Bij besluit van 11 april 2014 heeft de Belastingdienst/Toeslagen opnieuw beslist op de door [appellante] daartegen gemaakte bezwaren. De dienst heeft het bezwaar met betrekking tot het toeslagjaar 2009 ongegrond verklaard, de bezwaren met betrekking tot de toeslagjaren 2010 en 2011 gedeeltelijk gegrond verklaard en de desbetreffende besluiten gedeeltelijk herzien.
Bij mondelinge uitspraak van 4 november 2014 heeft de rechtbank de door [appellante] daartegen ingestelde beroepen ongegrond verklaard. Het proces-verbaal van deze uitspraak is aangehecht.
Tegen deze uitspraak heeft [appellante] hoger beroep ingesteld.
De Belastingdienst/Toeslagen heeft een verweerschrift ingediend.
De zaak is door een meervoudige kamer van de Afdeling verwezen naar een enkelvoudige.
De Afdeling heeft de zaak ter zitting behandeld op 20 juli 2015, waar [appellante], vertegenwoordigd door mr. J.R. Ali, advocaat te Rotterdam, en de Belastingdienst/Toeslagen, vertegenwoordigd door drs. E.J.E. Groothuis, werkzaam bij de dienst, zijn verschenen.
Overwegingen
1. Bij besluit van 11 april 2014 heeft de Belastingdienst/Toeslagen vastgesteld dat [appellante] geen aanspraak op een voorschot kinderopvangtoeslag over 2009 heeft, omdat zij niet heeft aangetoond dat zij in dat jaar kosten voor kinderopvang heeft gemaakt. Voorts heeft de dienst vastgesteld dat [appellante] over de jaren 2010 en 2011 geen aanspraak op een voorschot kinderopvangtoeslag heeft, voor zover het de periodes van 1 januari 2010 tot en met 31 maart 2010 en van 26 mei 2010 tot en met 30 mei 2011 betreft. De dienst heeft hieraan ten grondslag gelegd dat [appellante] voor de eerste periode geen overeenkomst heeft overgelegd en de gastouder in de tweede periode op hetzelfde woonadres in de gemeentelijke basisadministratie persoonsgegevens stond ingeschreven als [appellante].
Toeslagjaar 2009
2. Ingevolge artikel 1a, eerste lid, van de Wet kinderopvang (hierna: de Wko) is op deze wet de Algemene wet inkomensafhankelijke regelingen (hierna: de Awir) van toepassing.

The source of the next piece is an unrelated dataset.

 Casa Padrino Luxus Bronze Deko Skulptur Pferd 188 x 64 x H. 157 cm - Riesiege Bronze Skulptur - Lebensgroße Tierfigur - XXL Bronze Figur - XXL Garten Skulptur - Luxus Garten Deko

Ingevolge artikel 7, eerste lid, is de hoogte van de kinderopvangtoeslag afhankelijk van:
a. de draagkracht, en
b. de kosten van kinderopvang per kind die worden bepaald door:
1o. het aantal uren kinderopvang per kind in het berekeningsjaar,
2o. de voor die kinderopvang te betalen prijs, met inachtneming van het bedrag, bedoeld in het tweede lid, en
3o. de soort kinderopvang.
Ingevolge artikel 18, eerste lid, van de Awir verstrekken een belanghebbende, een partner en een medebewoner de Belastingdienst/Toeslagen desgevraagd alle gegevens en inlichtingen die voor de beoordeling van de aanspraak op of de bepaling van de hoogte van de tegemoetkoming van belang kunnen zijn.
3. [appellante] betoogt - samengevat - dat de rechtbank, door te oordelen dat de Belastingdienst/Toeslagen op goede gronden het voorschot kinderopvangtoeslag over 2009 heeft herzien en vastgesteld op nihil, heeft miskend dat zij heeft aangetoond dat zij in dat jaar kosten voor kinderopvang heeft gemaakt.

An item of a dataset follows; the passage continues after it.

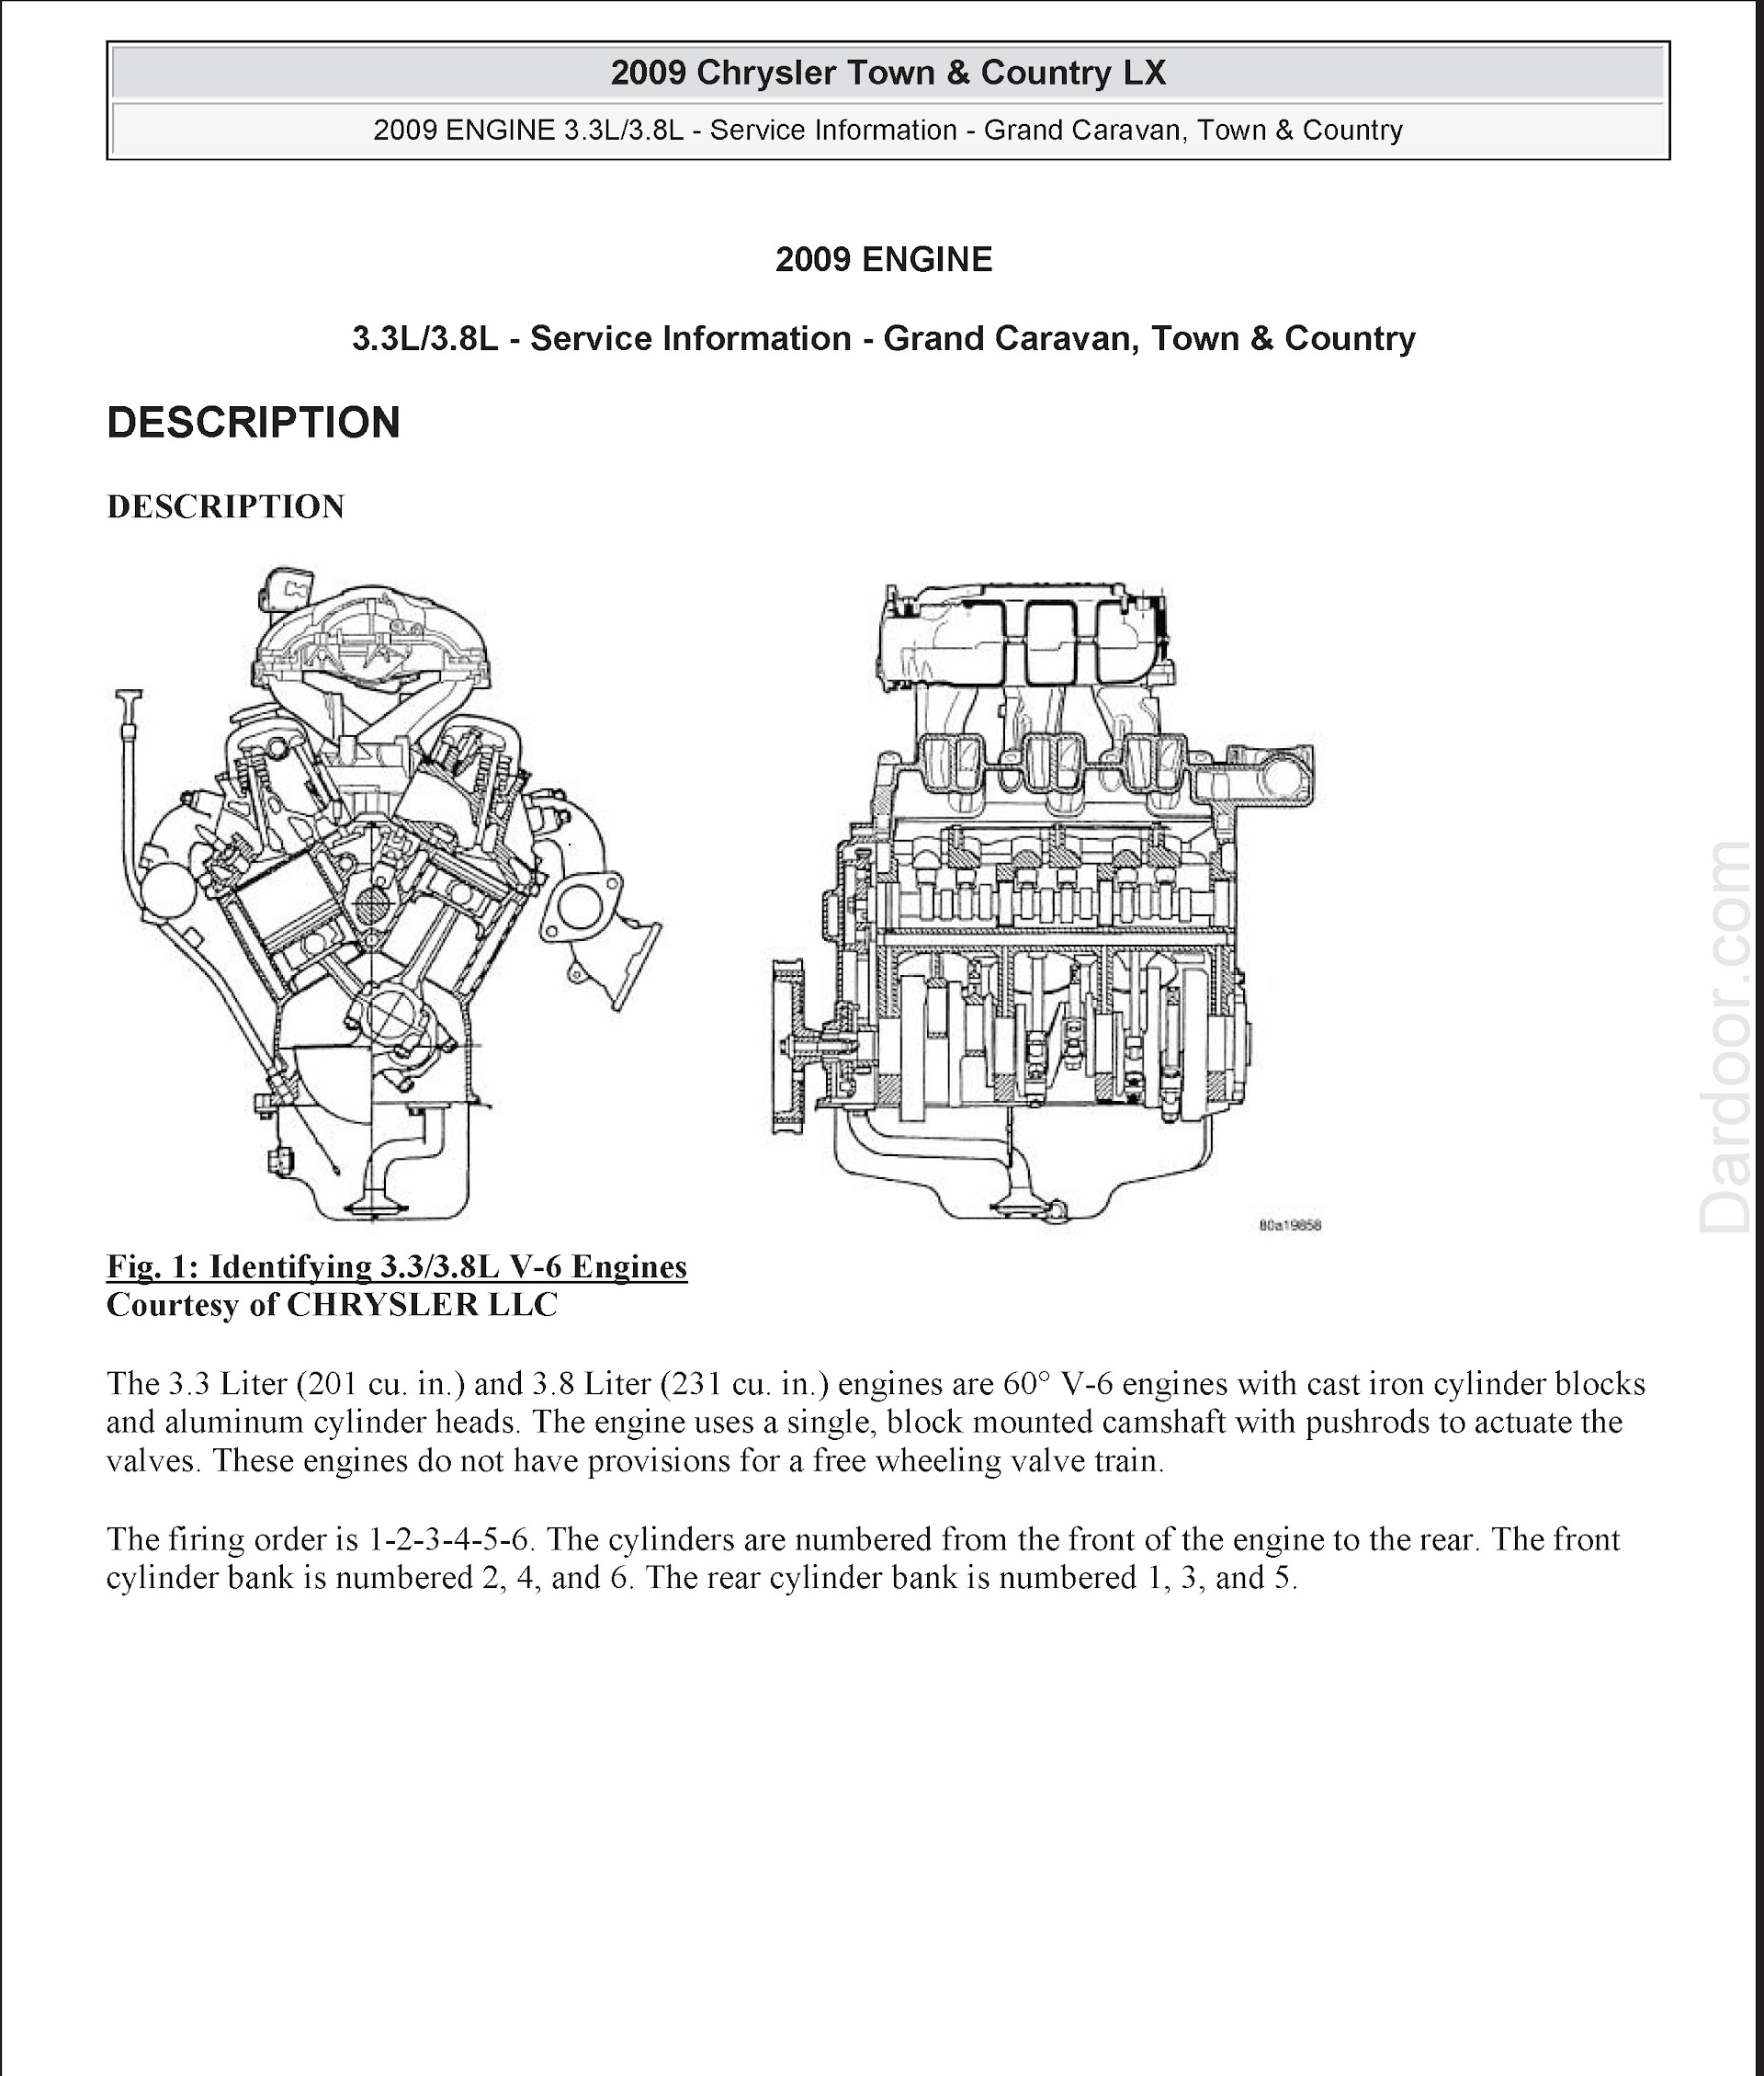 2008-2009 Chrysler Town & Country LX repair manual

3.1. Zoals de Afdeling eerder heeft overwogen (onder meer in de uitspraak van 5 juni 2013 in zaak nr. 201205528/1/A2), volgt uit artikel 18, eerste lid, van de Awir, gelezen in verbinding met artikel 7, eerste lid, aanhef en onder b, van de Wko, dat degene die aanspraak op kinderopvangtoeslag maakt, moet kunnen aantonen dat hij kosten voor kinderopvang heeft gehad en wat de hoogte van die kosten is.

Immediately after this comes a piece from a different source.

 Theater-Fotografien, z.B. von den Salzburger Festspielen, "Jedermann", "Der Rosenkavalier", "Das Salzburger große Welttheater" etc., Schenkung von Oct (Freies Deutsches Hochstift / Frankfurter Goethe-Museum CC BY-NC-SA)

3.2. [appellante] heeft op de zitting bij de rechtbank verklaard dat zij de gastouder contant heeft betaald, maar dat daarvan geen kwitanties zijn opgemaakt. Zij heeft gesteld dat de aangifte inkomstenbelasting 2009 van de gastouder, bezien in samenhang met de jaaropgave over dat jaar, bewijst dat zij in dat jaar kosten voor kinderopvang heeft gemaakt.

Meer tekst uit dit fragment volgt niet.